Что касается других «церковных людей», то первая категория среди них охватывает тех, кто каким‐либо образом участвовал в церковном богослужении, но не принадлежал к духовенству: таковы церковные певцы, человек, ответственный за тушение свечей после службы (свечегас), а также женщина, выпекающая просвиры (просвирница или просвирня, от слова просвира). По случаю можно вспомнить, что поэт A. C. Пушкин советовал тем, кто желал познакомиться с изначально русским языком, поучиться у московской просвирни.
Вторая категория церковных людей состоит из тех, кто связан с благотворительными институтами, – подобных врачу (лечец) и другому персоналу лечебниц, домов для престарелых, гостиниц для паломников и т. д., равно как из людей, обслуживаемых этими институтами.
Третья категория – так называемые изгои132. Характеристики этой группы, равно как источник и значение термина, были предметом длительных споров между учеными. Основная трудность состоит в том, что этот термин используется в одном смысле в источниках двенадцатого столетия и, очевидно, совсем в ином смысле в «Русской правде» одиннадцатого столетия. С моей точки зрения, единственный путь для развязки этого гордиевого узла сформулирован в пословице: надо разрубить его, то есть признать, что «Правда» одиннадцатого века и источники двенадцатого века, используя те же слова, говорят о двух совершенно различных социальных группах. Это – не единственный известный случай подобного различия между «Правдой» и более поздними источниками. Например, термин огнищанин в «Правде» относится к княжескому судебному приставу, но в новгородских источниках он применяется к особой группе новгородских граждан, которые не имеют связей с княжеским двором.
Изгоев «Русской правды» рассмотрим ниже; здесь мы изучим лишь положение «церковных людей», именуемых подобным образом. Классическое определение этой социальной группы обнаруживается в «Уложении церковных дворов» (1125 – 1136 гг.) князя Всеволода: «Есть три типа изгоев: сын священника, оставшийся необразованным; раб, который выкупил себя из рабства; обанкротившийся торговец». Затем следует примечание позднего копииста: «И можно добавить четвертый тип изгоя – осиротевший князь»133.

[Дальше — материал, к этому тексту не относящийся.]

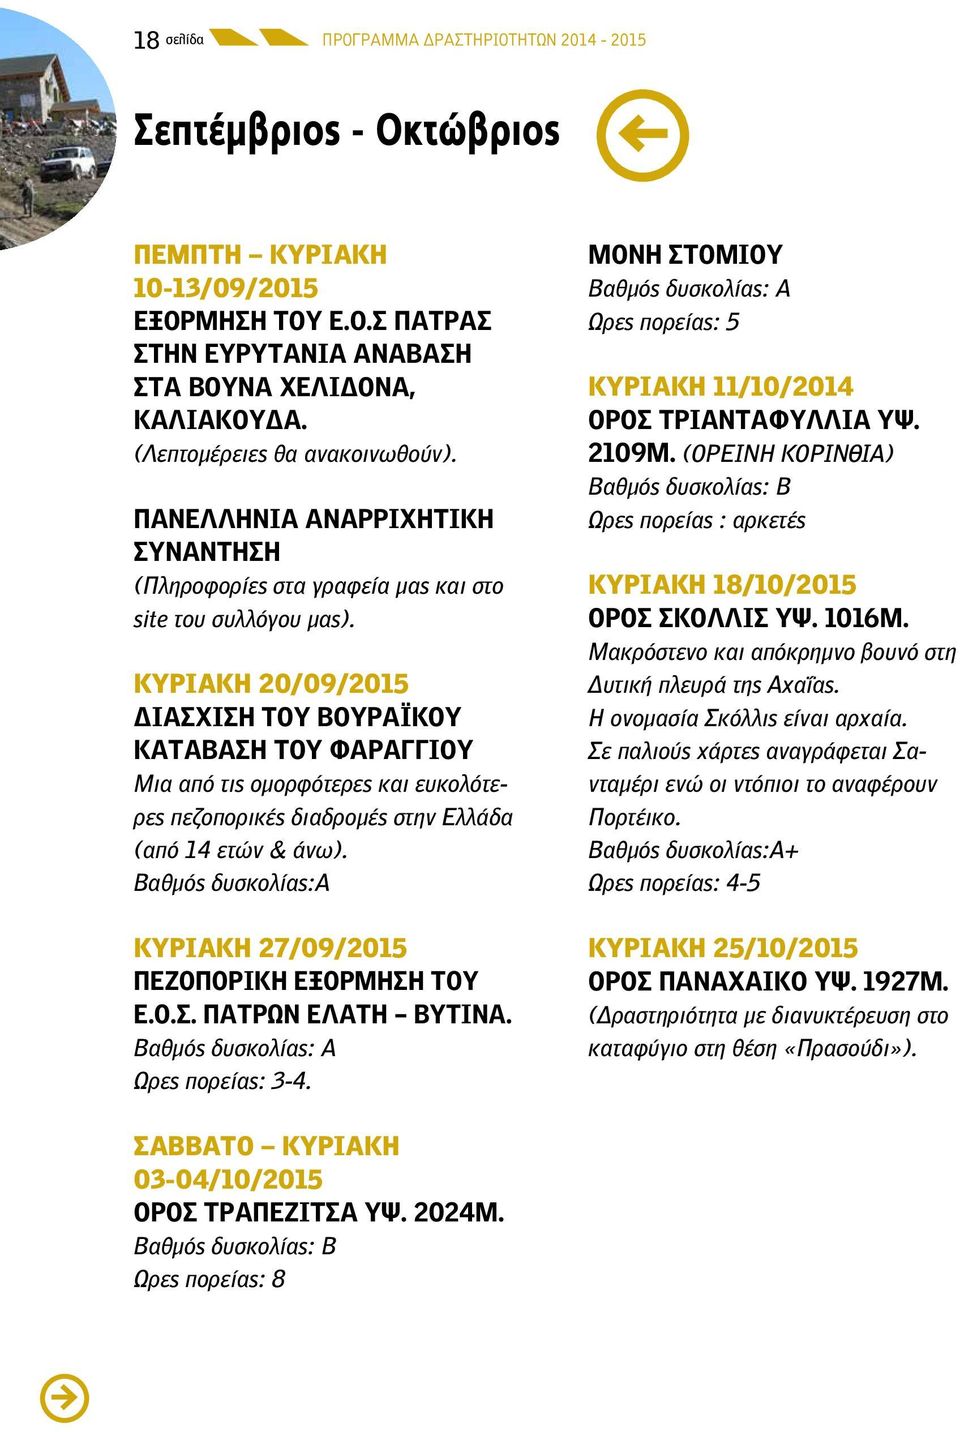 ΚΥΡΙΑΚΗ 20/09/2015 ΔΙΑΣΧΙΣΗ ΤΟΥ ΒΟΥΡΑΪΚΟΥ ΚΑΤΑΒΑΣΗ ΤΟΥ ΦΑΡΑΓΓΙΟΥ Μια από τις ομορφότερες και ευκολότερες πεζοπορικές διαδρομές στην Ελλάδα (από 14 ετών & άνω).

Общей характеристикой всех этих людей было то, что каждый из них утерял свой бывший статус и нуждался в приспособлении к новым обстоятельствам, для чего Русская церковь предлагала ему свою защиту. Сам термин изгой может быть объяснен в этом смысле, если мы согласимся вывести его из старославянского глагола гои-ти, что означает «жить», а также «позволять жить», «давать средства к существованию», «заботиться о». С этой точки зрения изгой – человек, лишенный заботы, а следовательно, «нуждающийся в опеке». В данной связи мы должны вспомнить, что термин изгойство или изойство имеет также значение незаслуженной выгоды, полученной от торговли рабами или в особенности выкупной цены раба. Из-за этого в более широком смысле изгойство иногда было синонимом «ростовщичества». Имея в виду значение этого термина, мы можем предположить, что наибольшей группой среди изгоев были вольноотпущенники, что термин первоначально применялся только к ним и только позднее другие похожие группы были включены в него по аналогии.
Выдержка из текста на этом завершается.